最初の世界はマクロスFです。
よろしくお願いいたします。
宇宙、辺り一面が漆黒の海の中で無数に輝く星々。
地球より遠く離れた銀河で1機のMSが漂っていた。
「……ん、あれ?寝てたのか……?」
何かのシートに座っていた男は目を覚ますと、体を伸ばし始める。
「ふあ~ヤバいな、いつのまにか寝落ちしてた。今って何時だ?」
体を伸ばして意識が覚醒した男はここであることに気づく。
自分がに何に座っているかを。
「これってMSのコックピットだよな?」
アニメなどで何度も見たことがあるコックピットに、男は試しにとスイッチを押す。
すると機体は起動して、外の光景を映し出した。
「ははは……まじもんのMSかよ。しかも宇宙とかどんなドッキリ?」
試しに操縦桿を握って動かすと、金色の腕が上下に動く姿が見えた。
「金色?この機体って」
男は自分が乗っている機体のデータを確認する。
「型式番号MSN-100。やっぱり百式だ」
百式とはZガンダムで登場した金色のMS。
クワトロ・バジーナの乗機で個人的にかっこいいと思う機体だ。
「まてよ……オプションパーツ?こんなものは百式になかったはずだ」
更にデータを見ると、そこには3つのパーツが出される。
「なになに改良型ウェポンコンテナ、サイコフレーム、ミノフスキー・クラフトってこの機体はもしかして……」
3つのパーツには男にとって覚えがあった。
「これって俺がGジェネシスでセットしたパーツだ。それに俺の声ってこんな声だっけ?」
渋くてかっこいいこの声に男がうんうん頭を唸らせていると、頭の中に歌声が響く。
「これは……歌…か?ひとまずはそこに行くしかないな」
この広大な宇宙で行く当てもない。
「だけど、何でこんなに動かし方がわかるんだ?」
操縦桿、トリガー、ペダル、どういうわけかMSの操縦方法がわかるのだ。
疑問に思いながらも、機体を歌声の方へと移動させるのであった。
「こいつは……」
歌の聞こえた方向へ向かうと、そこにはドーム状の大型宇宙船に複数の戦艦がいた。
「確かマクロスで出てたよな。あ~あんまり見てなかったからわからねえ」
マクロスという作品は男も知ってはいるが、そこまで詳しいわけではない。
CMやアニメなどでちらっと見た程度だ。
「それに戦闘中って。

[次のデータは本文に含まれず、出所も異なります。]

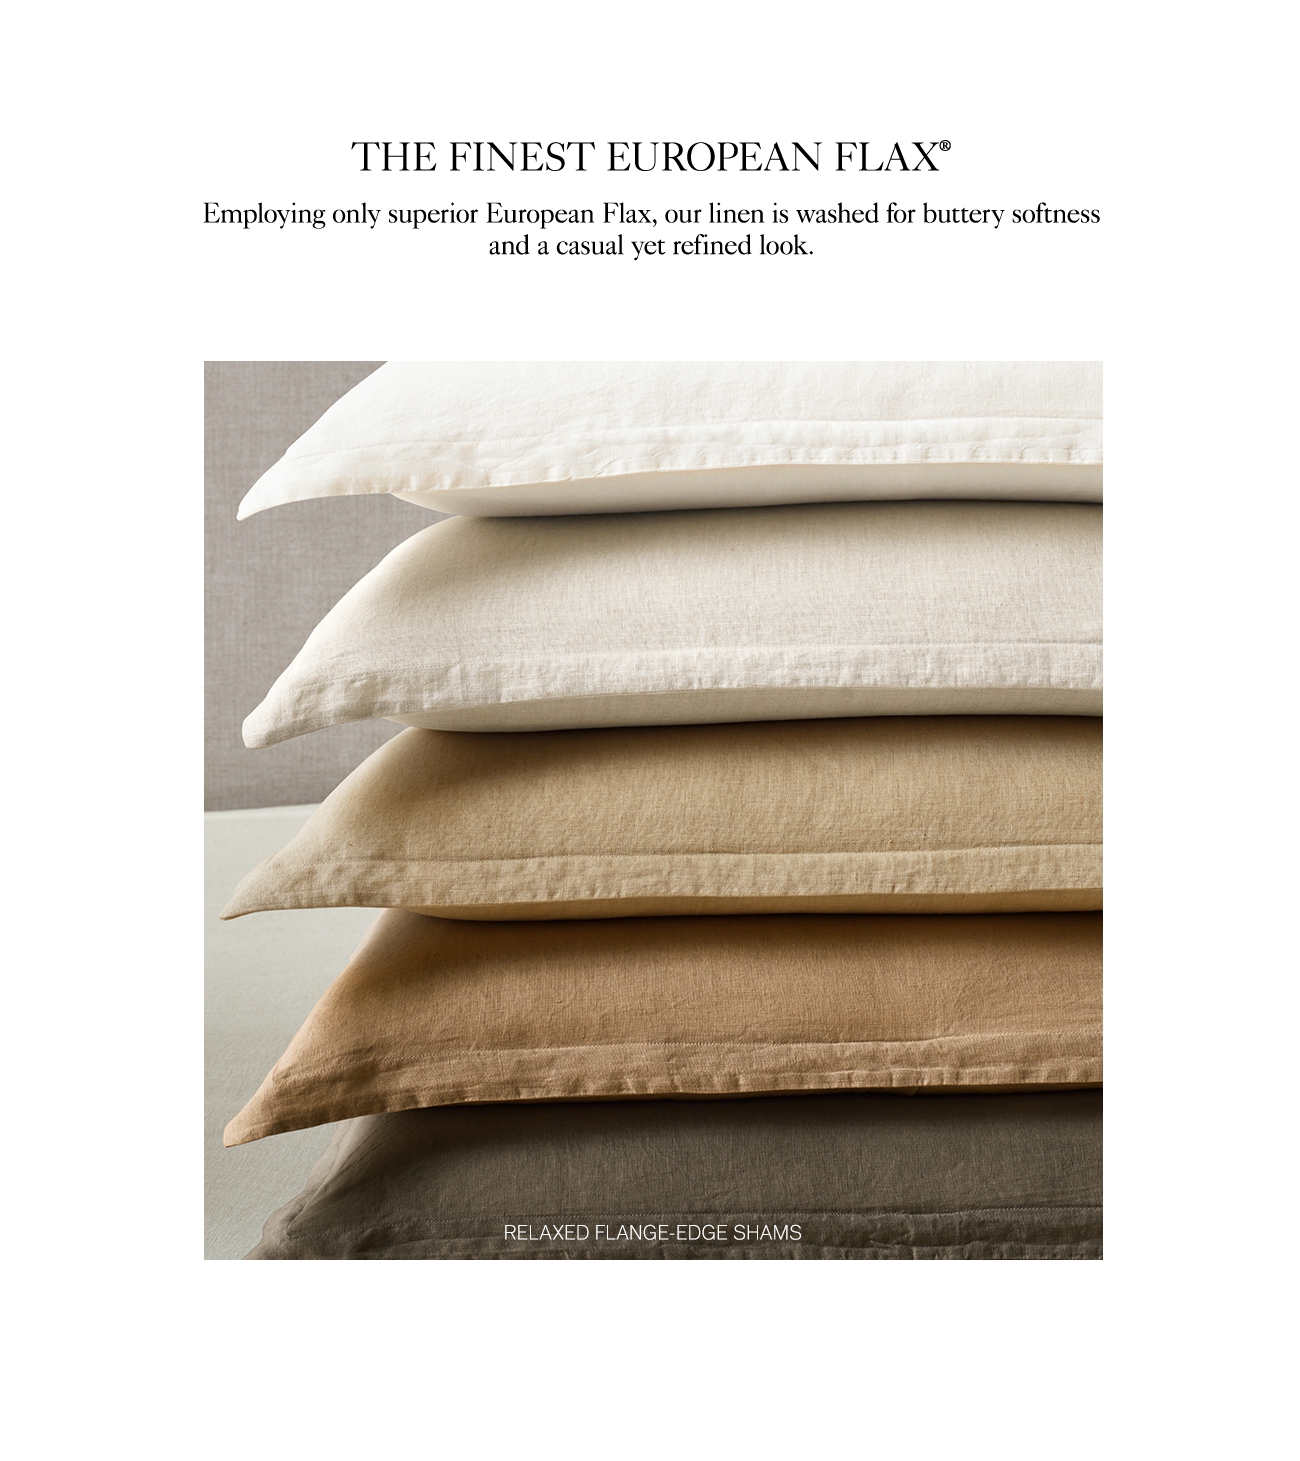 THE FINEST EUROPEAN FLAX Employing only superior European Flax, our linen is washed for buttery softness and a casual yet refined look. KED FLANGE-EI

………よし!男は度胸!いくぞ!」
操縦桿を握りなおし、男は戦場へと赴く。
「酷いもんだなこりゃ」
戦況は青い戦闘機が虫のような生物に簡単に墜とされている。
攻撃してはいるものの全く命中していない。
「俺のパイロットしての技量がどれほどか試させてもらうぞ!」
ビームライフルを構え、青い戦闘機を追う生物に狙い打つ。
「当たれ!」
1発目は外してしまったが、もう一度ビームを撃つと今度は命中し爆散した。
そのまま戦闘機に近寄ると、並行しながら通信回線を開く。
「そこの戦闘機!聞こえるか!」
「き、聞こえる!さ、先程のビームは貴官が?」
繋がった通信からパイロットの震える声が聞こえる。
危うく撃墜されそうだったという恐怖や焦りのせいだろう。
「そうだ。ここは俺が引き受ける。あんたはさっさと後退しろ」
「りょ、了解した!救援に感謝する!」
青い戦闘機は急いで母艦へ後退していった。
「さて、自分から引き受けたんだ。やってみせるさ」
移動しながらビームライフルを連射し、次々と敵生物を撃ち落としていた。
「ん?あの2機の戦闘機は他の奴らとは違うな」
ふと目に入った2機の戦闘機。
他の青い戦闘機とは違い敵生物を撃ち落としている。
「それに装備を少し違うな。あれはこいつらのことをしっていたのか!っと」
接近してきた敵生物を腰部からビームサーベルを取り出して切り裂く。
すると、先ほど見ていた戦闘機の1機がこちらに近付いてきた。
『こちらはS.M.S所属、スカル小隊リーダーオズマ・リーだ。貴官は何処の所属だ?』
「所属はない。俺は………ヴィンセント、ヴィンセント・クラウス。ただの傭兵だ。そちらを援護するから撃たないでくれよ」
『……了解した。協力に感謝する』
そのまま別れて敵生物へビームライフルを連射して撃墜する百式。
そして、敵生物のビーム砲は回避しながら接近し、ビームサーベルを展開して切り裂く。
「何て腕だ……」
的確に敵生物へ攻撃を命中させ、俊敏に攻撃を回避する百式の動きにオズマは思わず声に出していた。